• **Problem statement**
No pictures in the copy. Write out the listing below exactly.

• **Data shown**

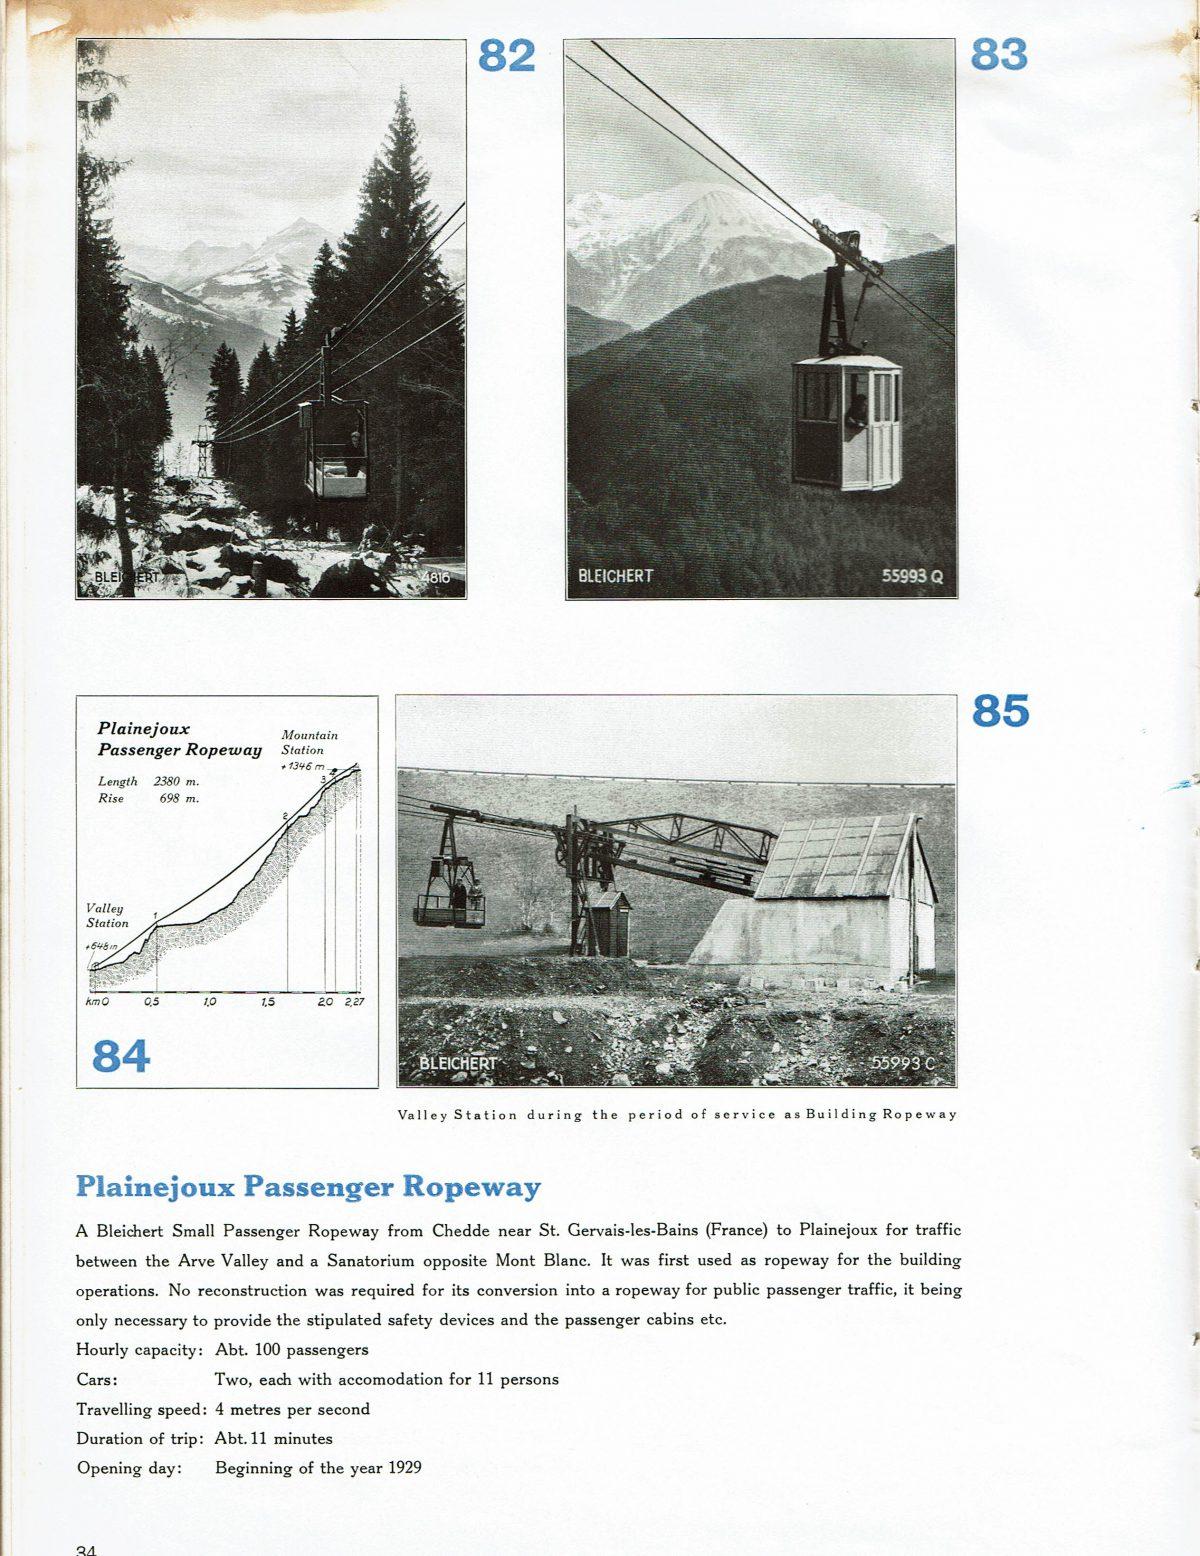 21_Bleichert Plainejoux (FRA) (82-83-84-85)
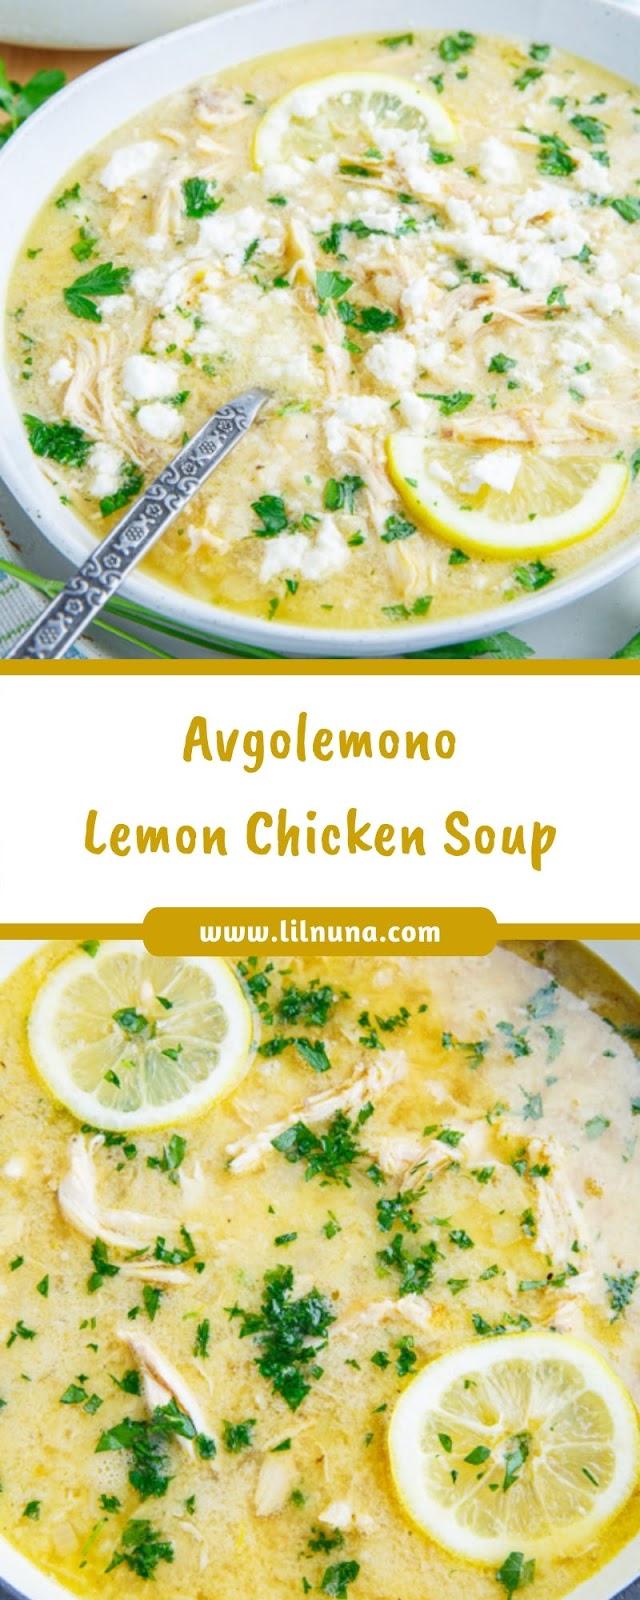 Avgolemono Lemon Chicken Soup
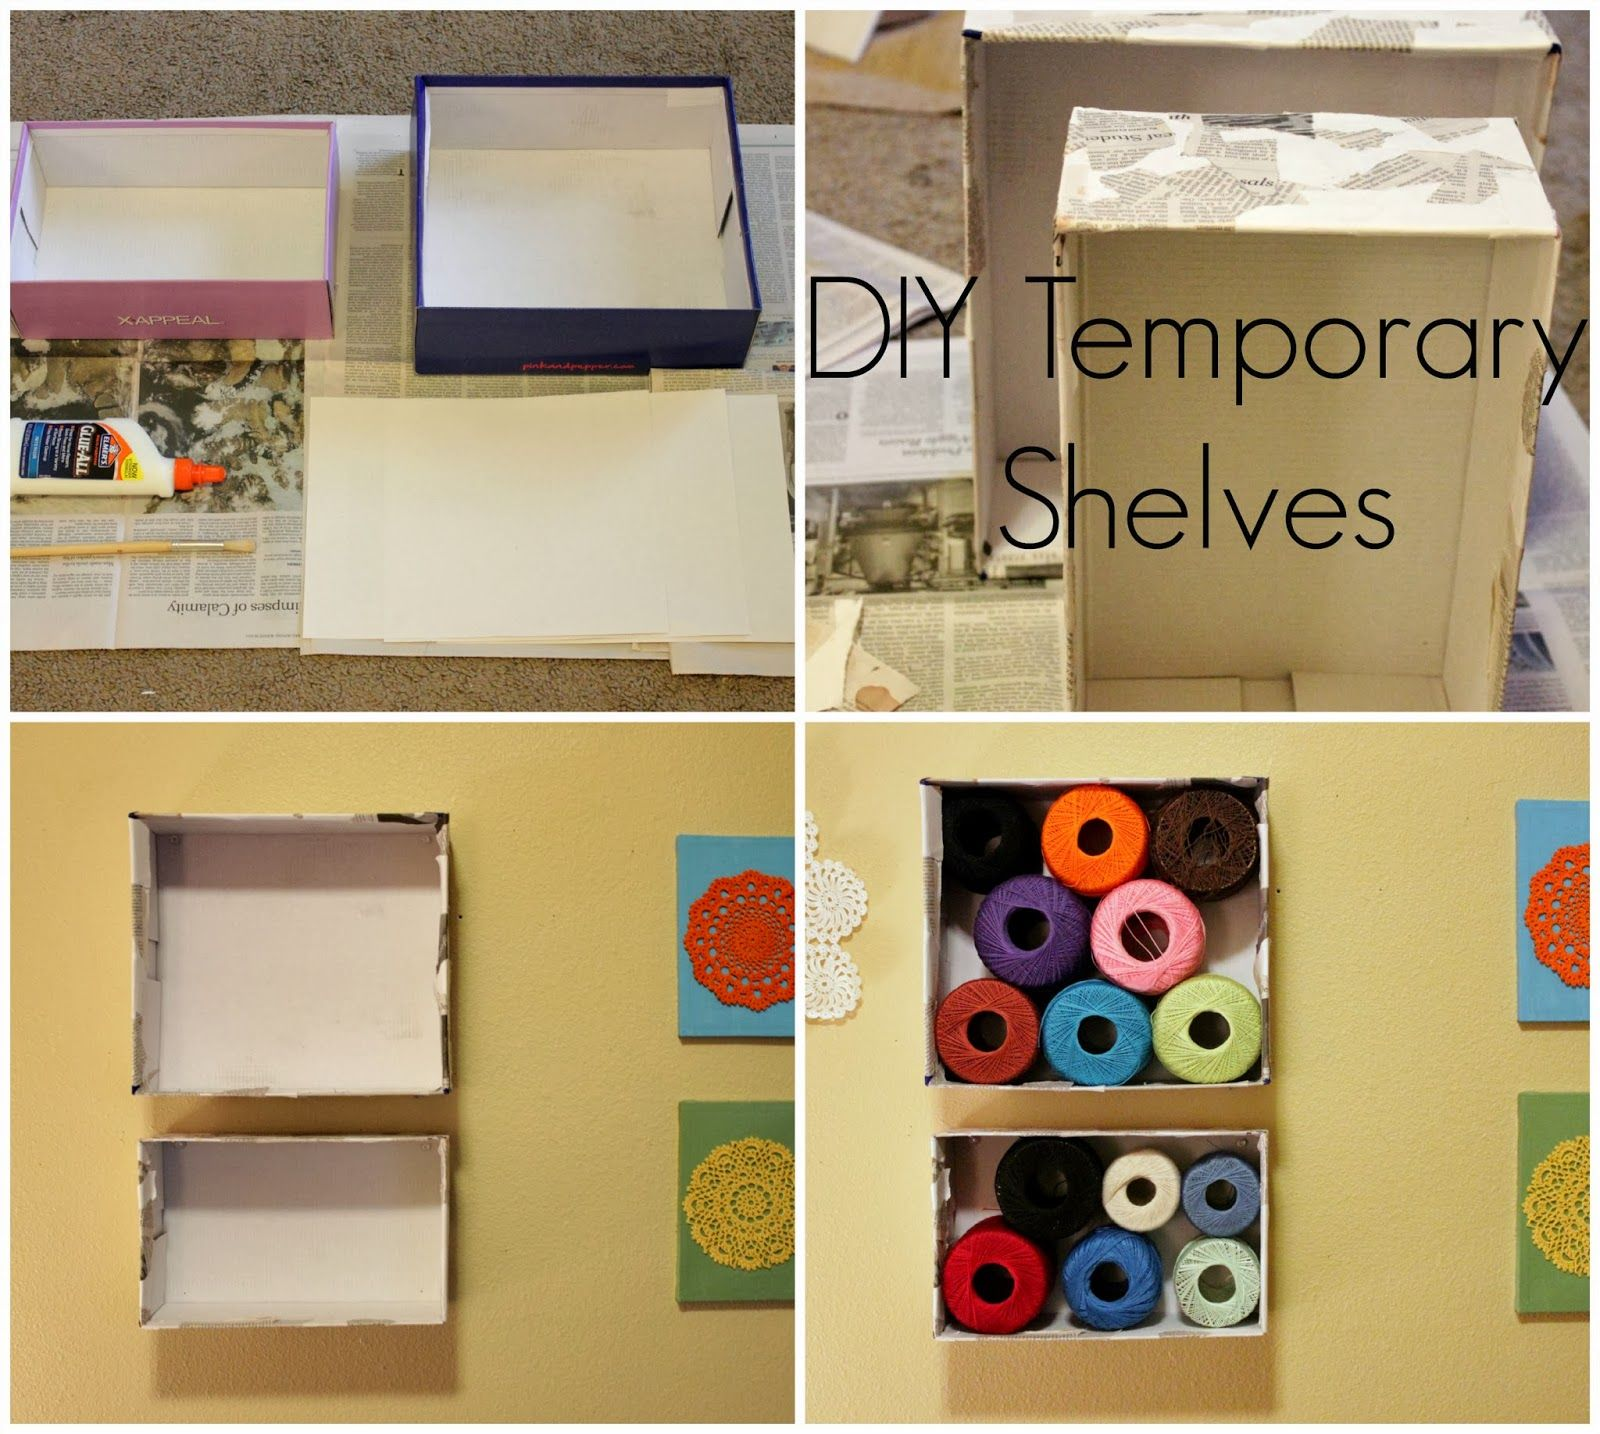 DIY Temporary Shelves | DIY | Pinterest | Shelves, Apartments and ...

• **Result below**
 21_Bleichert Plainejoux (FRA) (82-83-84-85)
 Avgolemono Lemon Chicken Soup
 DIY Temporary Shelves | DIY | Pinterest | Shelves, Apartments and ...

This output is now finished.